For details on OpenAI API parameters, see OpenAI documentation.

Usage example

from haystack_experimental.components.generators.chat import OpenAIChatGenerator
from haystack_experimental.dataclasses import ChatMessage

messages = [ChatMessage.from_user("What's Natural Language Processing?")]

client = OpenAIChatGenerator()
response = client.run(messages)
print(response)

Output:

{'replies': [
    ChatMessage(_role=<ChatRole.ASSISTANT: 'assistant'>,
                _content=[TextContent(text='Natural Language Processing (NLP) is a field of artificial ...')],
                _meta={'model': 'gpt-4o-mini', 'index': 0, 'finish_reason': 'stop',
                    'usage': {'completion_tokens': 71, 'prompt_tokens': 13, 'total_tokens': 84}}
                )
            ]
}

OpenAIChatGenerator.__init__

def __init__(api_key: Secret = Secret.from_env_var("OPENAI_API_KEY"),
             model: str = "gpt-4o-mini",
             streaming_callback: Optional[Callable[[StreamingChunk],
                                                   None]] = None,
             api_base_url: Optional[str] = None,
             organization: Optional[str] = None,
             generation_kwargs: Optional[Dict[str, Any]] = None,
             timeout: Optional[float] = None,
             max_retries: Optional[int] = None,
             tools: Optional[List[Tool]] = None,
             tools_strict: bool = False)

Creates an instance of OpenAIChatGenerator. Unless specified otherwise in model, uses OpenAI's GPT-3.5.
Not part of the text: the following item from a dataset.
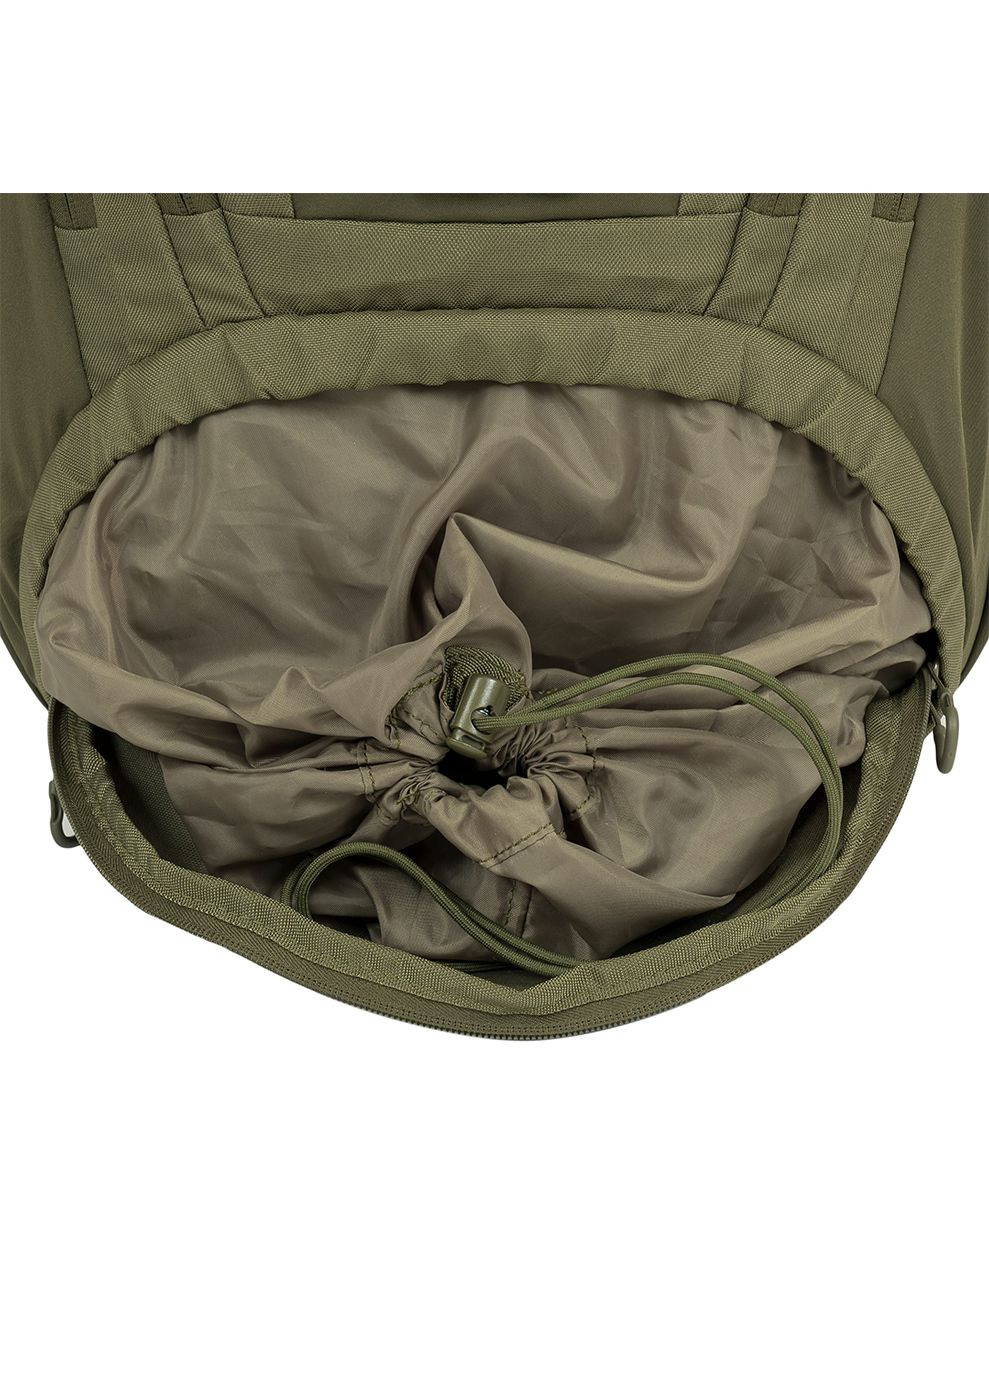 Рюкзак тактический Eagle 3 Backpack 40L Olive Highlander (268831753)

Before initializing the component, you can set the 'OPENAI_TIMEOUT' and 'OPENAI_MAX_RETRIES' environment variables to override the timeout and max_retries parameters respectively in the OpenAI client.

Arguments:

  • api_key: The OpenAI API key. You can set it with an environment variable OPENAI_API_KEY, or pass with this parameter during initialization.
  • model: The name of the model to use.
  • streaming_callback: A callback function that is called when a new token is received from the stream. The callback function accepts StreamingChunk as an argument.
  • api_base_url: An optional base URL.
  • organization: Your organization ID, defaults to None. See production best practices.
  • generation_kwargs: Other parameters to use for the model. These parameters are sent directly to the OpenAI endpoint. See OpenAI documentation for more details. Some of the supported parameters:
  • max_tokens: The maximum number of tokens the output text can have.
  • temperature: What sampling temperature to use. Higher values mean the model will take more risks. Try 0.9 for more creative applications and 0 (argmax sampling) for ones with a well-defined answer.
  • top_p: An alternative to sampling with temperature, called nucleus sampling, where the model considers the results of the tokens with top_p probability mass. For example, 0.1 means only the tokens comprising the top 10% probability mass are considered.
  • n: How many completions to generate for each prompt. For example, if the LLM gets 3 prompts and n is 2, it will generate two completions for each of the three prompts, ending up with 6 completions in total.
  • stop: One or more sequences after which the LLM should stop generating tokens.
  • presence_penalty: What penalty to apply if a token is already present at all. Bigger values mean the model will be less likely to repeat the same token in the text.
  • frequency_penalty: What penalty to apply if a token has already been generated in the text. Bigger values mean the model will be less likely to repeat the same token in the text.
  • logit_bias: Add a logit bias to specific tokens. The keys of the dictionary are tokens, and the values are the bias to add to that token.
  • timeout: Timeout for OpenAI client calls. If not set, it defaults to either the OPENAI_TIMEOUT environment variable, or 30 seconds.
  • max_retries: Maximum number of retries to contact OpenAI after an internal error. If not set, it defaults to either the OPENAI_MAX_RETRIES environment variable, or set to 5.
  • tools: A list of tools for which the model can prepare calls.
  • tools_strict: Whether to enable strict schema adherence for tool calls. If set to True, the model will follow exactly the schema provided in the parameters field of the tool definition, but this may increase latency.

OpenAIChatGenerator.to_dict

def to_dict() -> Dict[str, Any]

Serialize this component to a dictionary.

Returns:

The serialized component as a dictionary.

OpenAIChatGenerator.from_dict

@classmethod
def from_dict(cls, data: Dict[str, Any]) -> "OpenAIChatGenerator"

Deserialize this component from a dictionary.

Arguments:

  • data: The dictionary representation of this component.

Returns:

The deserialized component instance.

OpenAIChatGenerator.run

@component.output_types(replies=List[ChatMessage])
def run(messages: List[ChatMessage],
        streaming_callback: Optional[Callable[[StreamingChunk], None]] = None,
        generation_kwargs: Optional[Dict[str, Any]] = None,
        tools: Optional[List[Tool]] = None,
        tools_strict: Optional[bool] = None)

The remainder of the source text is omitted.